Interest in hydrogen as an alternate fuel source has led the automotive industry to search for new power sources for automobiles. The onboard storage of hydrogen represents the current bottleneck in the widespread deployment of hydrogen vehicles and remains a major technological challenge. The U.S. Department of Energy (DOE) has set a technical target of 12 bar and 85 degrees Celsius as the maximum pressure and temperature for onboard storage, alongside goals and time-gated benchmarks for gravimetric and volumetric capacity. Both compressive and cryogenic storage of hydrogen require immense pressures and come with high associated costs and safety concerns. On the other hand, adsorptive storage on activated carbon beds shows promise in addressing the need for safe, reversible hydrogen storage that meets the technical targets set by the DOE.

In this work, computational fluid dynamics (CFD) models of the physisorption of hydrogen on a fixed bed of activated carbon are developed comparing the Eulerian two-fluid model (TFM) approach and the porous media (PM) approach in the commercial CFD solver Ansys Fluent. The different approaches are validated against the bench-scale experiment and PM simulations of Ye et al. [1] and Xiao et al. [2] and contrasted in terms of accuracy and cost and applicability to larger-scale systems. The issue of a creeping error in the calculation of adsorbate mass inside the tank is highlighted and investigated in detail and the causal factors are enumerated. It is shown that despite the reduced numerical complexity of the PM framework, it requires a much smaller time step to accurately account for the mass accumulation and thus incurs a higher simulation cost, and TFM is selected as the optimum simulation methodology.

The validated TFM case is extended to predict the adsorptive storage performance of an activated carbon derived from Blue Gem coal, an exceptionally high-grade coal found in Tennessee and Kentucky with minimal sulfur and ash content. The novel sorbent material, designated BGC-KNa_C850, is developed and characterized by the National Energy Technology Laboratory’s Materials and Manufacturing Division.

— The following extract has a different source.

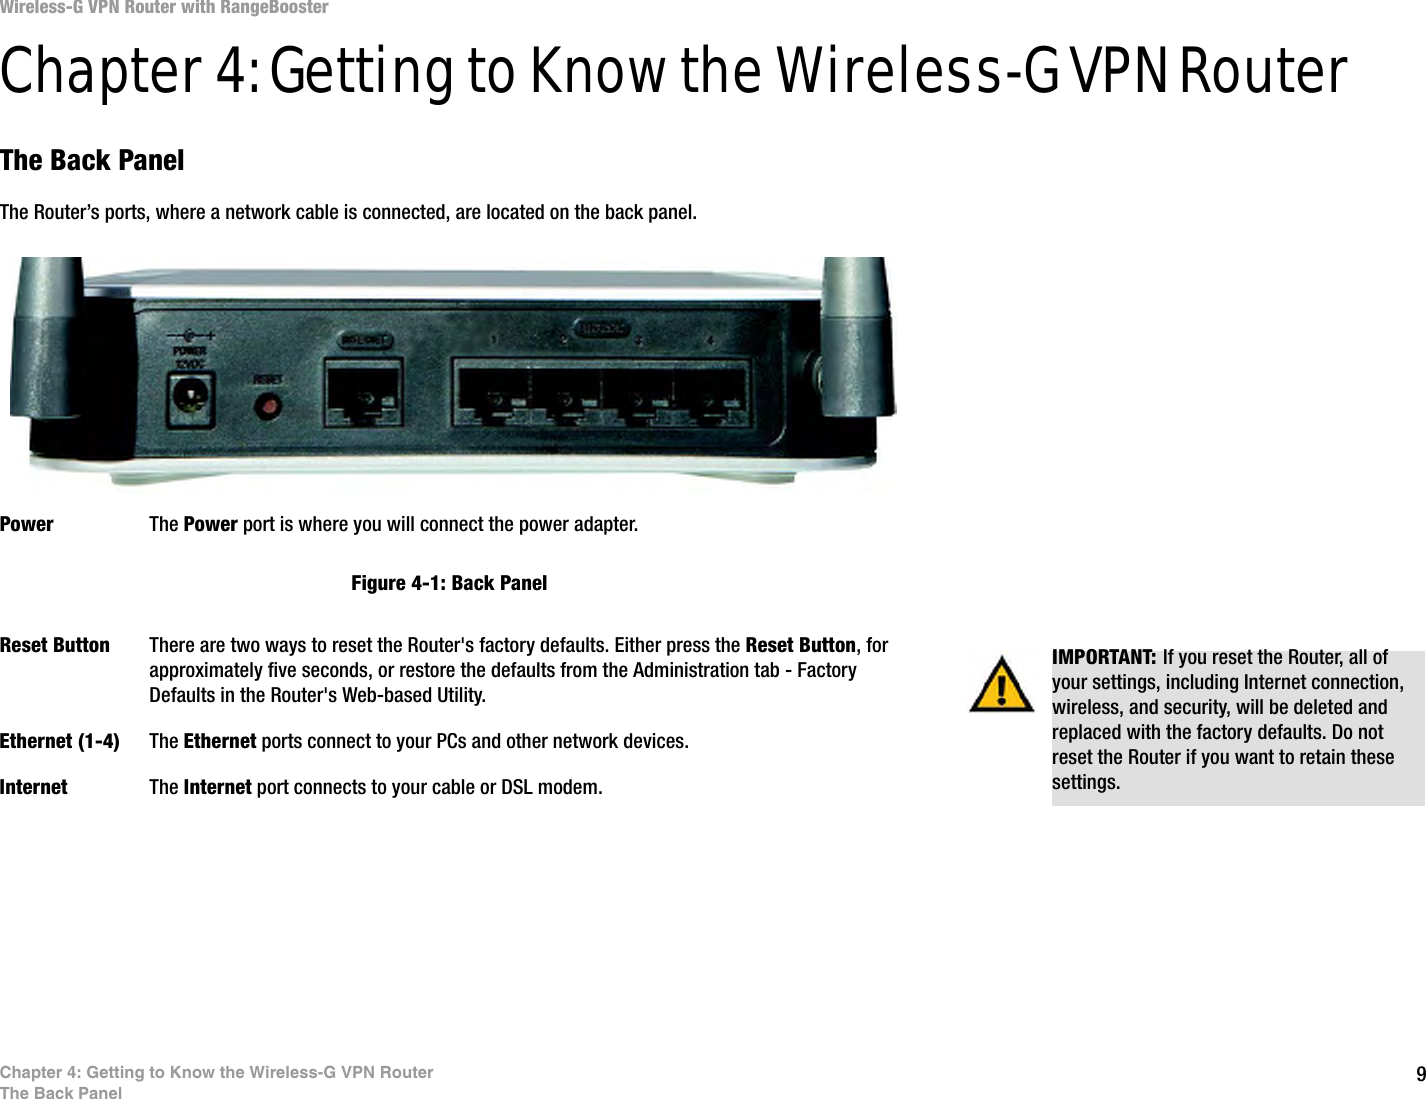 9Chapter 4: Getting to Know the Wireless-G VPN RouterThe Back PanelWireless-G VPN Router with RangeBoosterChapter 4: Getting to Know the Wireless-G VPN RouterThe Back PanelThe Router’s ports, where a network cable is connected, are located on the back panel.Power The Power port is where you will connect the power adapter.Reset Button There are two ways to reset the Router&apos;s factory defaults. Either press the Reset Button, for approximately five seconds, or restore the defaults from the Administration tab - Factory Defaults in the Router&apos;s Web-based Utility.Ethernet (1-4) The Ethernet ports connect to your PCs and other network devices.Internet The Internet port connects to your cable or DSL modem.IMPORTANT: If you reset the Router, all of your settings, including Internet connection, wireless, and security, will be deleted and replaced with the factory defaults. Do not reset the Router if you want to retain these settings.Figure 4-1: Back Panel
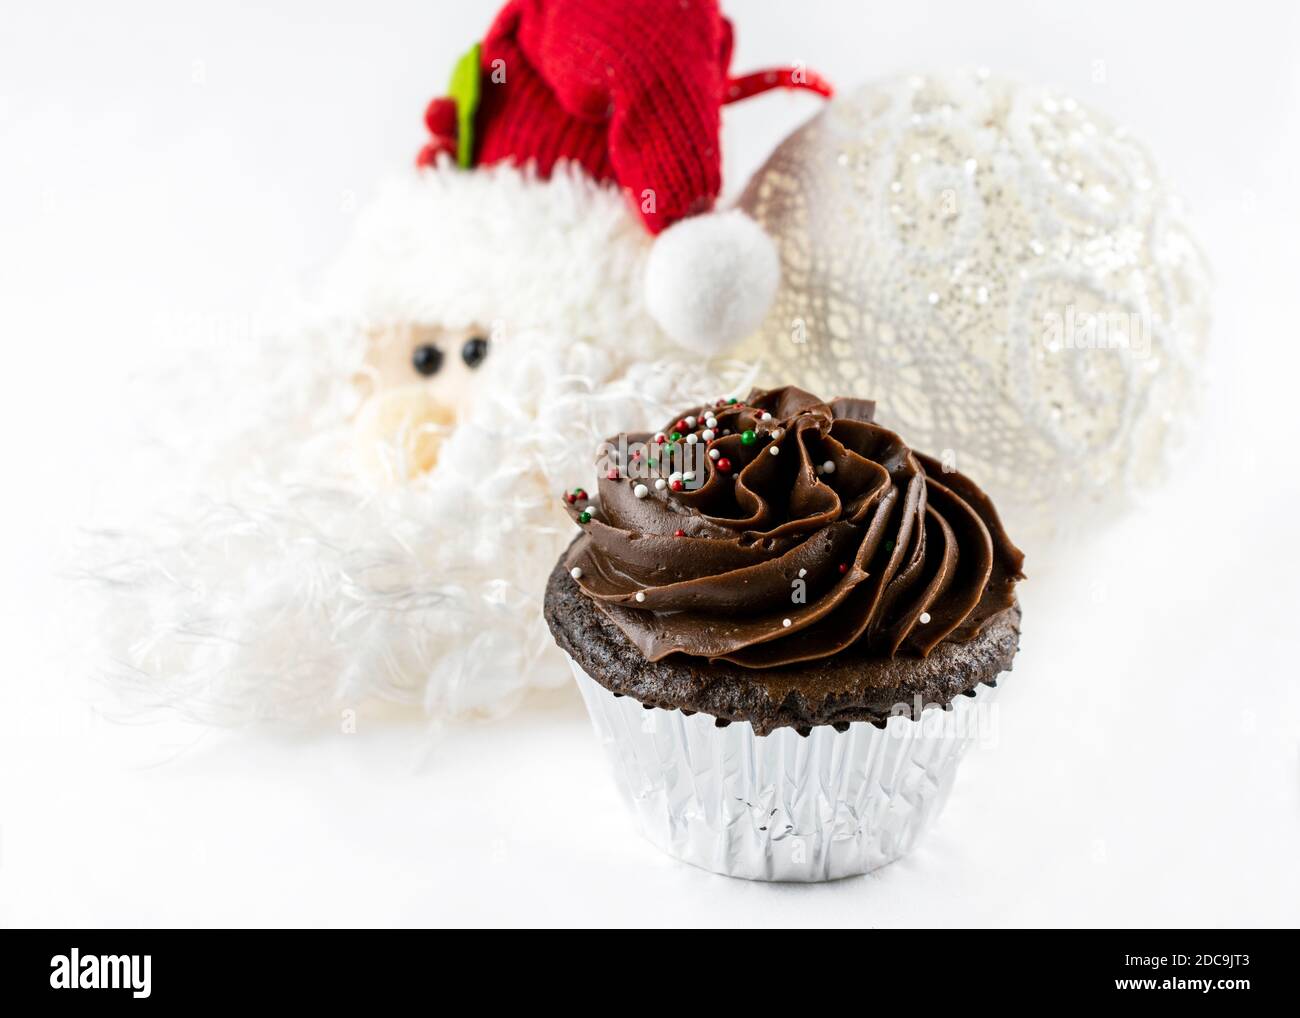 A close up shot of a Christmas chocolate cupcake with small candy sprinkles of red, green and white.  Santa and ball ornaments blurred in background. Stock Photo

The bench-scale results with the novel sorbent provide a foundation for scale-up and optimization studies for tank design and operating conditions to establish the feasibility of onboard adsorptive hydrogen storage at vehicle scales.

[1] Ye, F. et al. (2012) Implementation for model of adsorptive hydrogen storage using UDF in Fluent. Physics Procedia, 24, pp. 793–800.

[2] Xiao, J. et al. (2010) Simulation of heat and mass transfer in activated carbon tank for hydrogen storage. Int. J. Hydrogen Energy, 35, pp. 8106–8116.